At the Culinary Institute, students (like yours truly at one time) have to pass one final cooking practical to graduate. And of course a temperamental sauce like hollandaise is on the menu. So I thought I'd share the finer points of how to make hollandaise sauce, for those special occasions that warrant crafting it at home. Because I rarely order it at a restaurant for one reason, and one reason only.
The sauce is made hours before guests arrive, and sits waiting in a thermos to be served lukewarm at best. Not edible times if you know what I mean. Or the best way to enjoy eggs Benedict on a Sunday morning. But since hollandaise is a simple emulsion of egg yolks and butter, a little bit of know how takes you far.
The formula for hollandaise sauce
Whether whipped up by an award-winning chef or a home cook, the basic recipe for hollandaise sauce is the same. Like all of cooking and baking, the ratios of ingredients for a successful sauce are inflexible. It's proper technique that produces a successful sauce. So please don't be fooled by headlines like "The BEST hollandaise sauce recipe ever!".
The tried and true, unyielding, inflexible formula is:
Hollandaise Sauce = 3 egg yolks + 8 ounces of butter
Create flavor with lemon juice, a herb reduction and of course salt. But that's it. Egg yolks and butter whisked until thickened and ribboned. Done and delicious. Even keto!
How to make hollandaise sauce
Success relies on awareness, and a properly heated double boiler. However, even seasoned professional cooks break the sauce - or curdle the eggs - by not heeding the warning signs .
How to keep hollandaise from breaking (curdling)
- The sauce becomes too thick in the bowl (sauce doesn't flow off the whisk)
- Less than 120° F
- More than 140° F
So when slowly whisking heated butter into warm, foamed egg yolks, add a tablespoon of warm water if it gets too thick. To keep it the right temperature, have a second pot lined with a towel on the counter (to steady while whisking), and move the bowl on and off the heat every minute or so.
A thermometer can be your friend in the beginning, but you're better off training your eyes. Because knowing what to look for is better than trying to temp a sauce... while holding a hot double-boiler with one hand and a whisk with the other.

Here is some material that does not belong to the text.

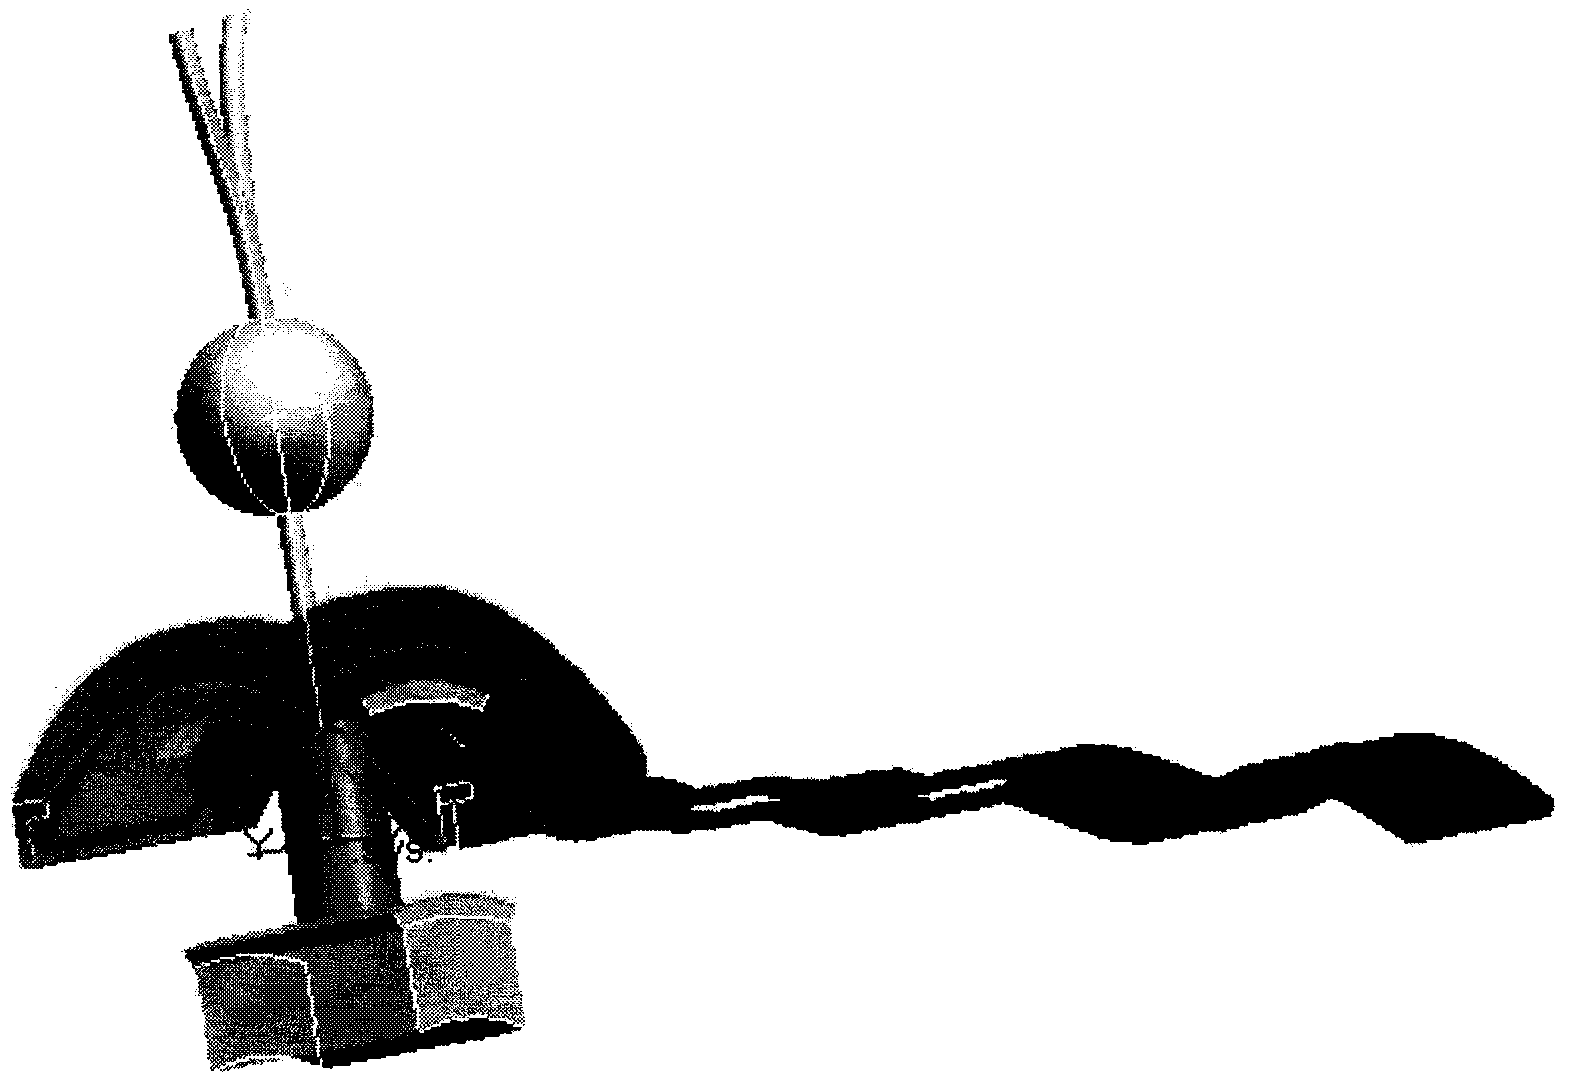 Pressure dressing device used after neck operation

How to fix hollandaise if it breaks
If your sauce breaks anyway - DON'T PANIC! Just crack another egg yolk into a new bowl, place over the simmering water, and SLOWLY whisk in the broken sauce. Or throw in the towel and buzz it up nice and smooth in a blender. It'll take just as lovely drenching your buttery English muffins and over-easy eggs. Because pouched eggs are one thing I never cook at home.

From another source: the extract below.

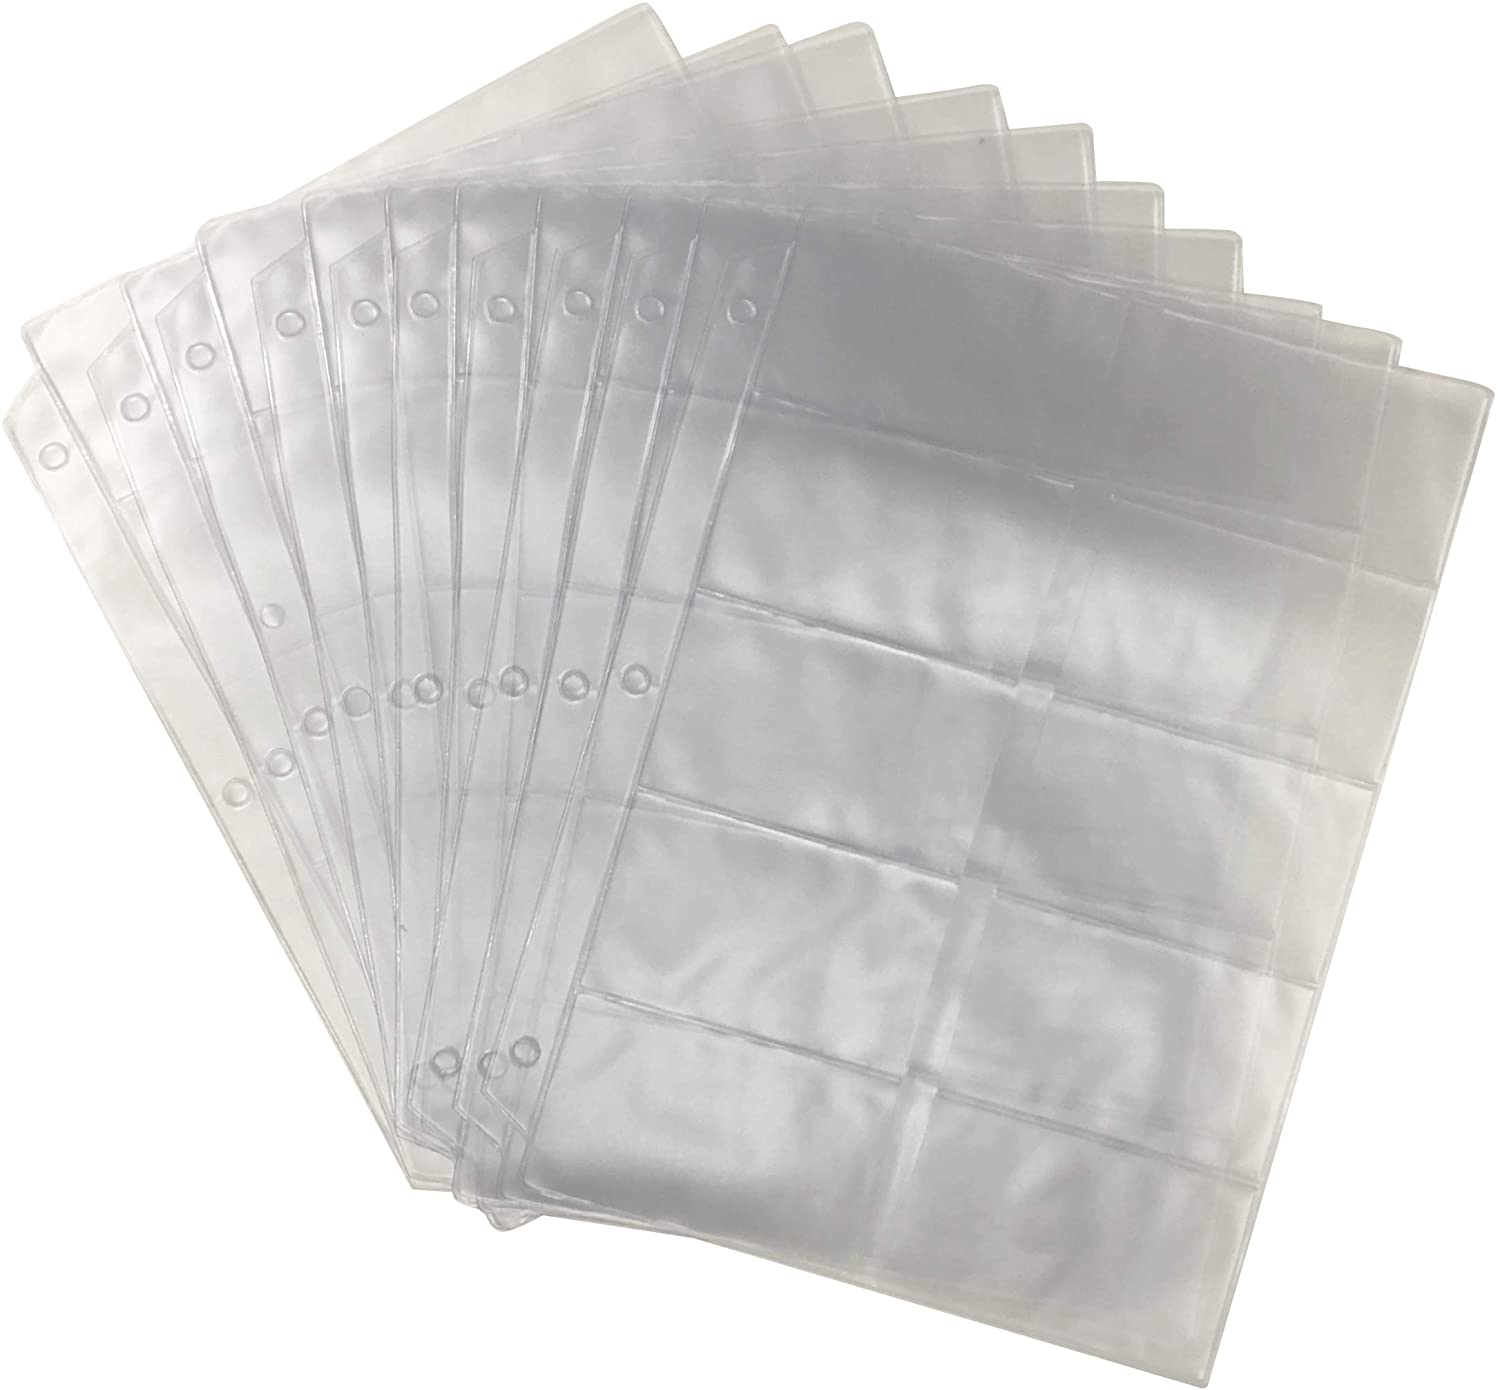 Business Card Sleeves for 3 Ring Binders, Plastic Card Holder

Yours in #brunchsohard,Print
To add a savory depth of flavor to your hollandaise, simmer up a quick reduction of vinegar and spices. To get right down to a classic version, use lemon juice instead.
For paleo hollandaise, use ghee instead of butter. It's dairy-free as the milk solids are removed.
- 2 tbsp white wine reduction or lemon juice
- 2 egg yolks
- 6 ounces butter or ghee (clarified butter), unsalted, melted and keep very warm
- 1-2 tbsp hot water (as hot as the tap will give you)
- few pinches of salt, to your taste
- 1 cup dry white wine or white wine vinegar
- 3 sprigs fresh thyme
- 2 tbsp black peppercorns, whole
- 1 small shallot, minced
Prepare Reduction (or use
- Combine ingredients in a shallow pan and simmer on medium-high heat until liquid is reduced to a quarter cup.
- Strain out aromatics and cool slightly.
To Make Sauce
- Combine 2 tablespoons of reduction (or lemon juice) with 2 egg yolks in heat-proof bowl.
- Melt butter in a separate dish or small pot and keep warm over low heat.
- Make ready off the heat: a second pot lined with a kitchen towel, and a measuring glass with warm water.
- Over medium heat bring an inch of water to simmer in a small sauce pot.
- Whisk eggs with reduction or lemon juice off the heat until foamy.
- Set bowl over pot and whisk constantly until eggs double in volume. Once you can draw lines in the bowl with the whisk, you're ready for the butter.
- Off heat, slowly drizzle in warm butter to egg yolks, whisking constantly. Add warm water as needed to keep hollandaise a smooth, thick, but pourable consistency.
- Return bowl to heat to keep warm, and add lemon juice, salt and pepper. Do not over whisk once sauce is finished, simply stir gently to keep it emulsified (blended).
- Serve immediately over eggs, steaks, asparagus and more!